**PROBLEM TO WORK ON**
Return, with both end lines included, exactly what the data below holds from the line with "Ho Brass - Key" through the line with "couple hiking with dog in winter mountains", though not the pictures.

**PROVIDED RECORDS**
>>>>>
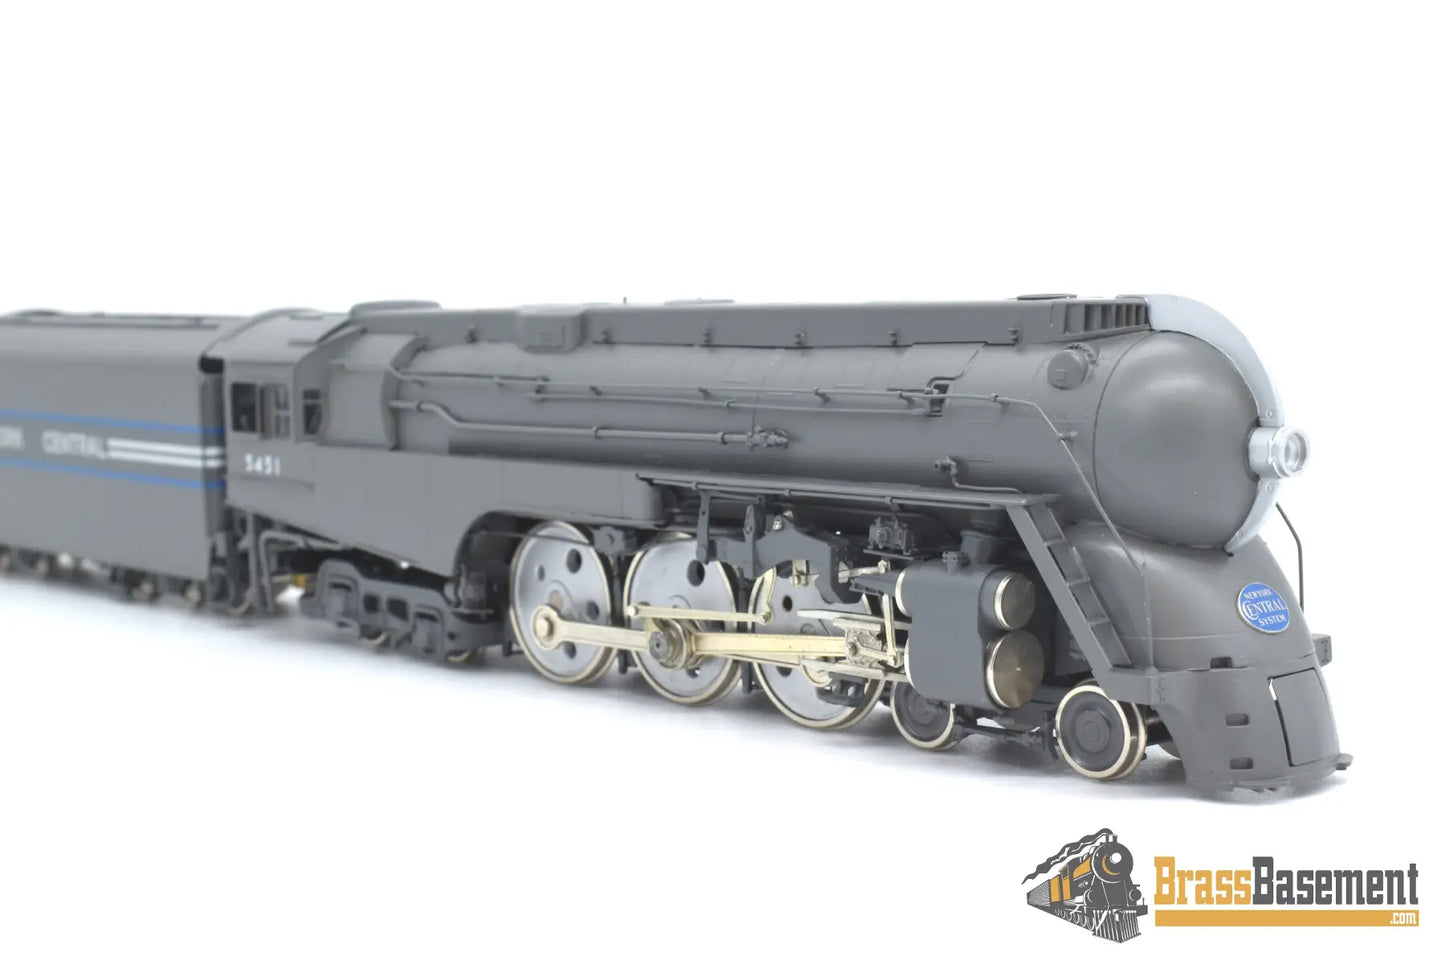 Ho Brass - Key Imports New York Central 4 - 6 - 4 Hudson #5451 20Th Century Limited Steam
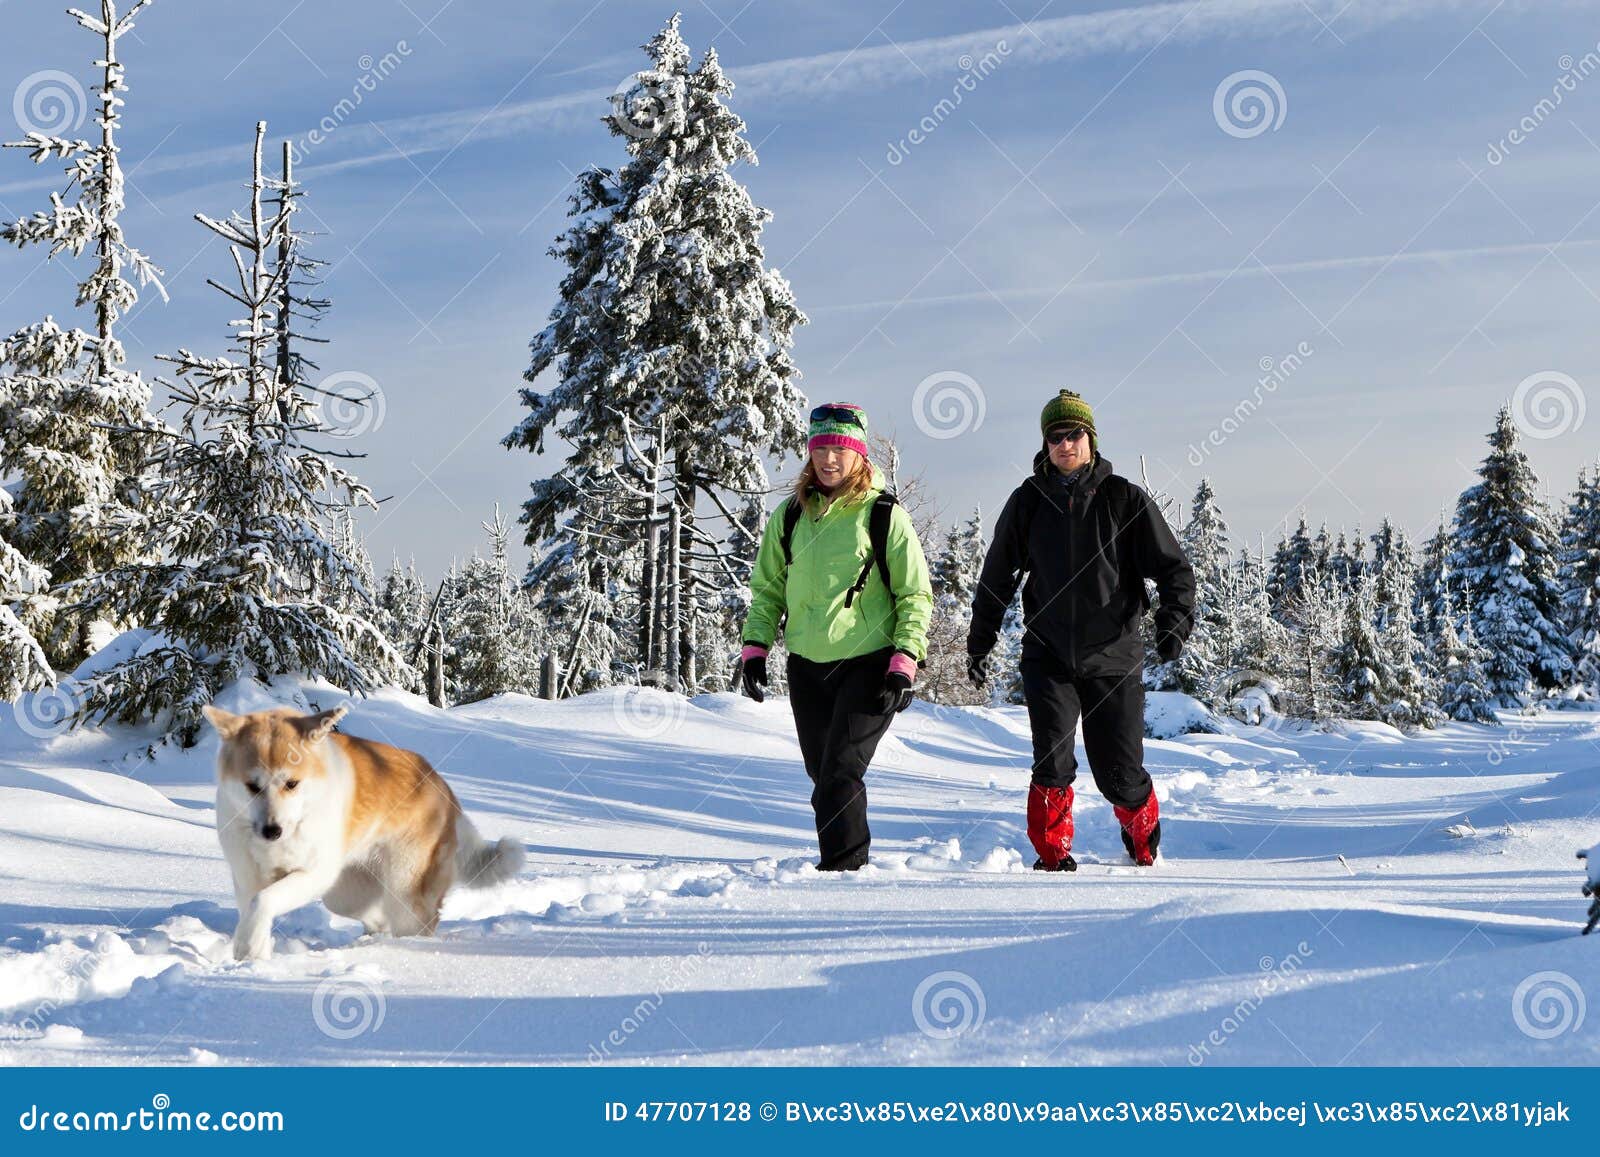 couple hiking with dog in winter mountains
<<<<<
>>>>>
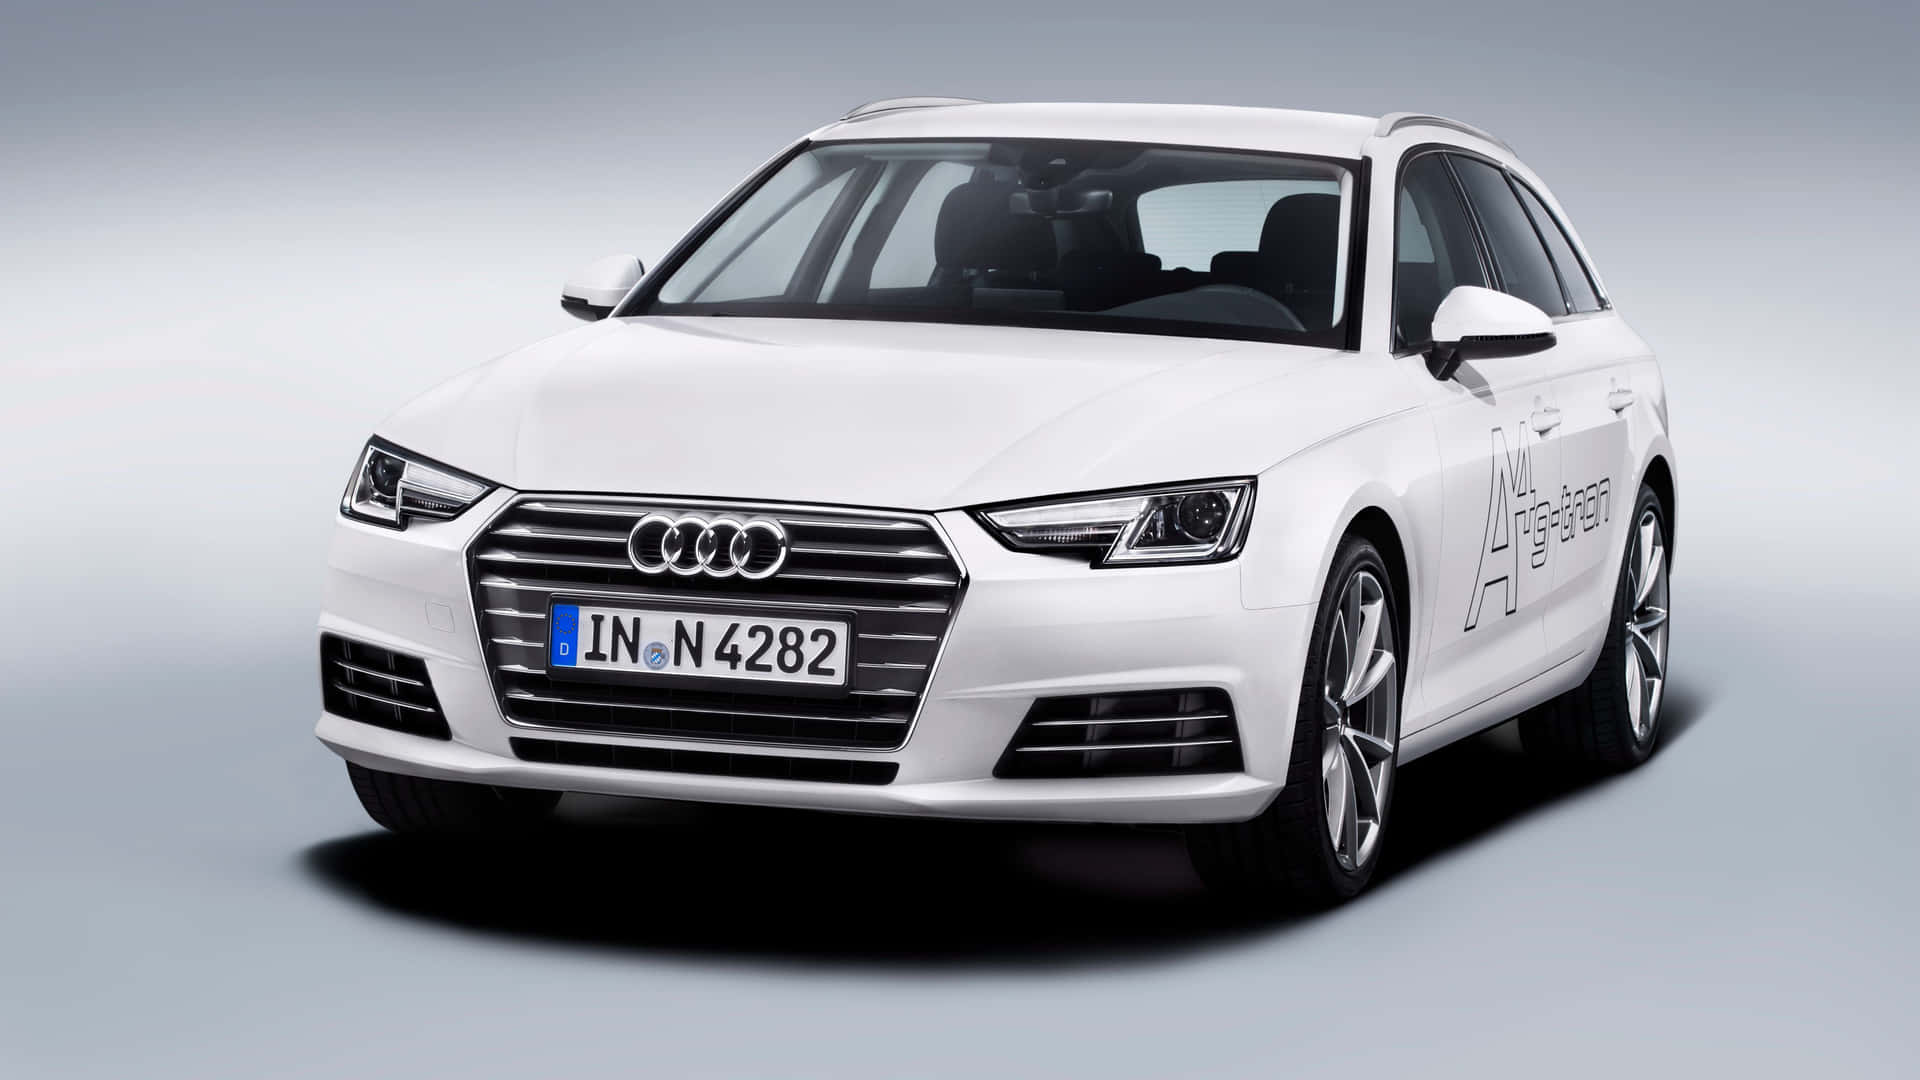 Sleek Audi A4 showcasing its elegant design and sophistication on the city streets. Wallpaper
<<<<<
>>>>>
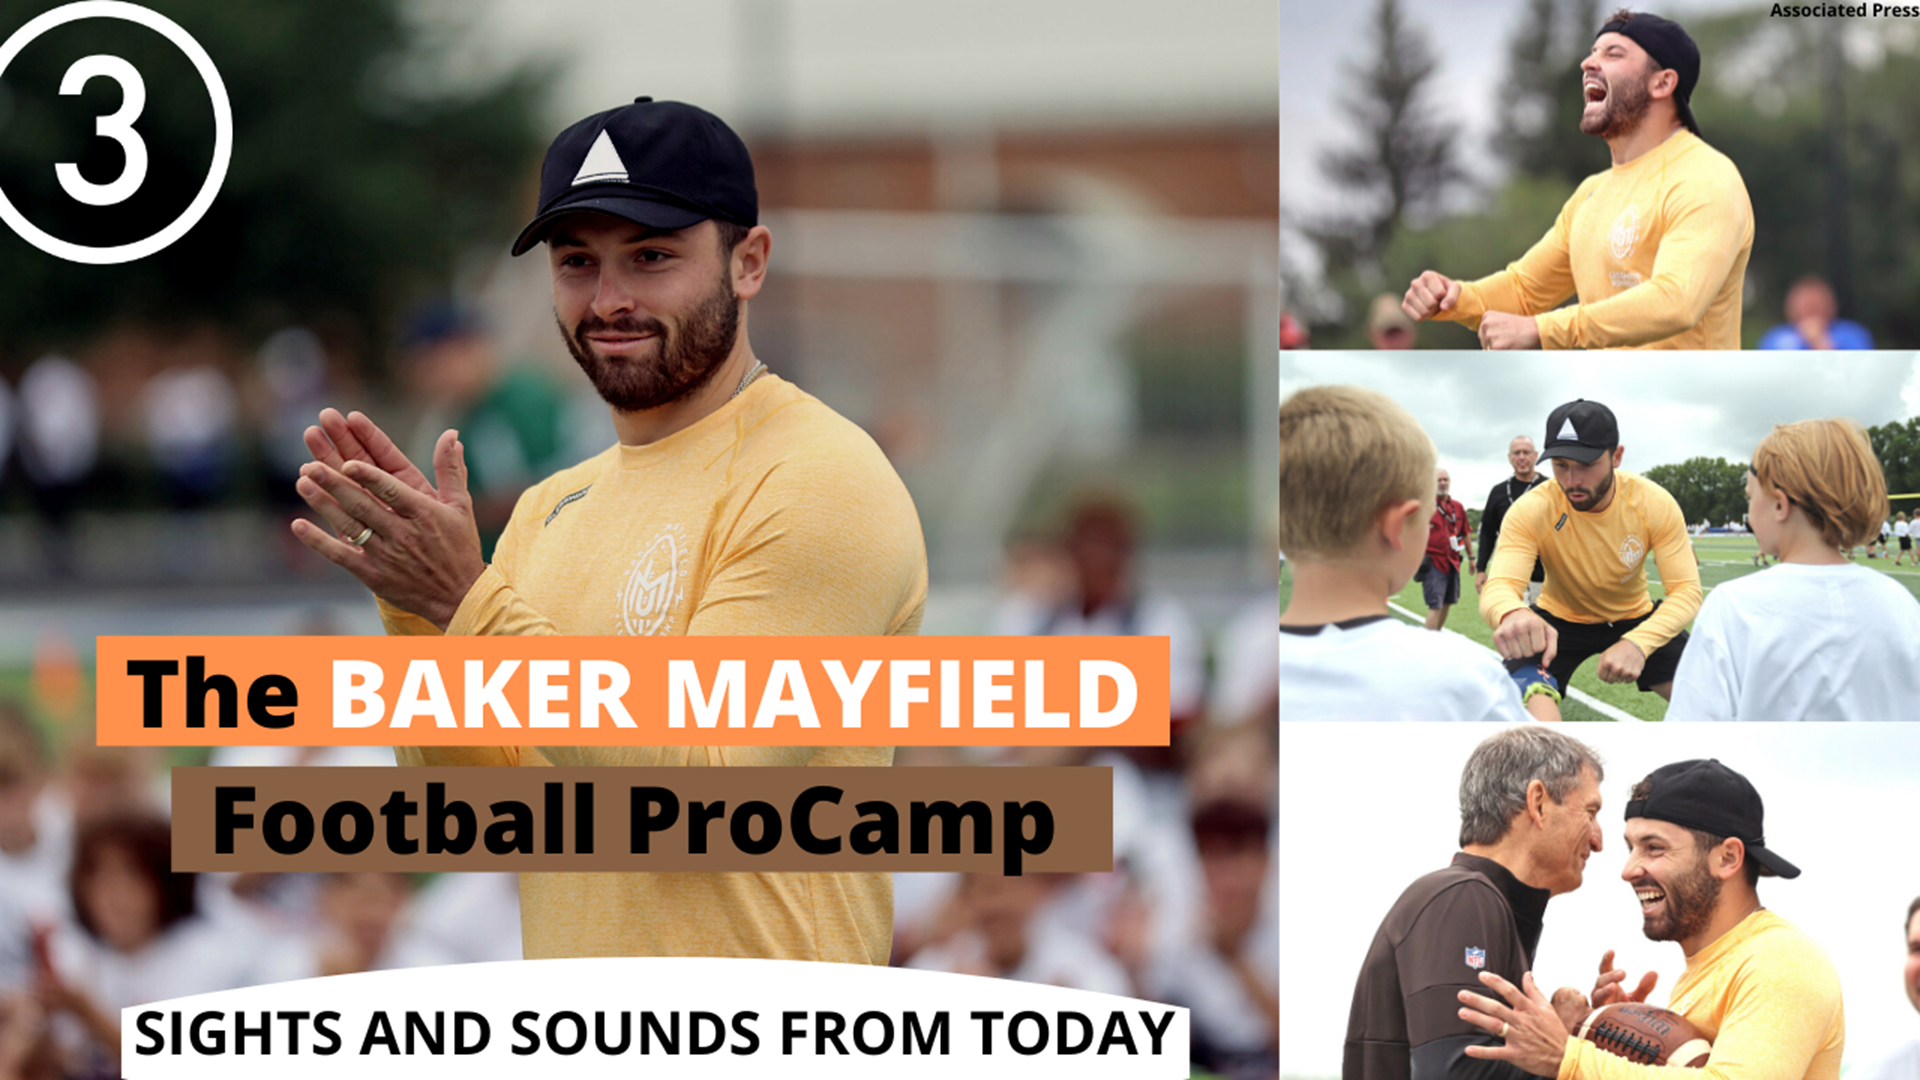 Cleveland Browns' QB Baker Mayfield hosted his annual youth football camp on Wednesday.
<<<<<
**EXPECTED ANSWER**
 Ho Brass - Key Imports New York Central 4 - 6 - 4 Hudson #5451 20Th Century Limited Steam
 couple hiking with dog in winter mountains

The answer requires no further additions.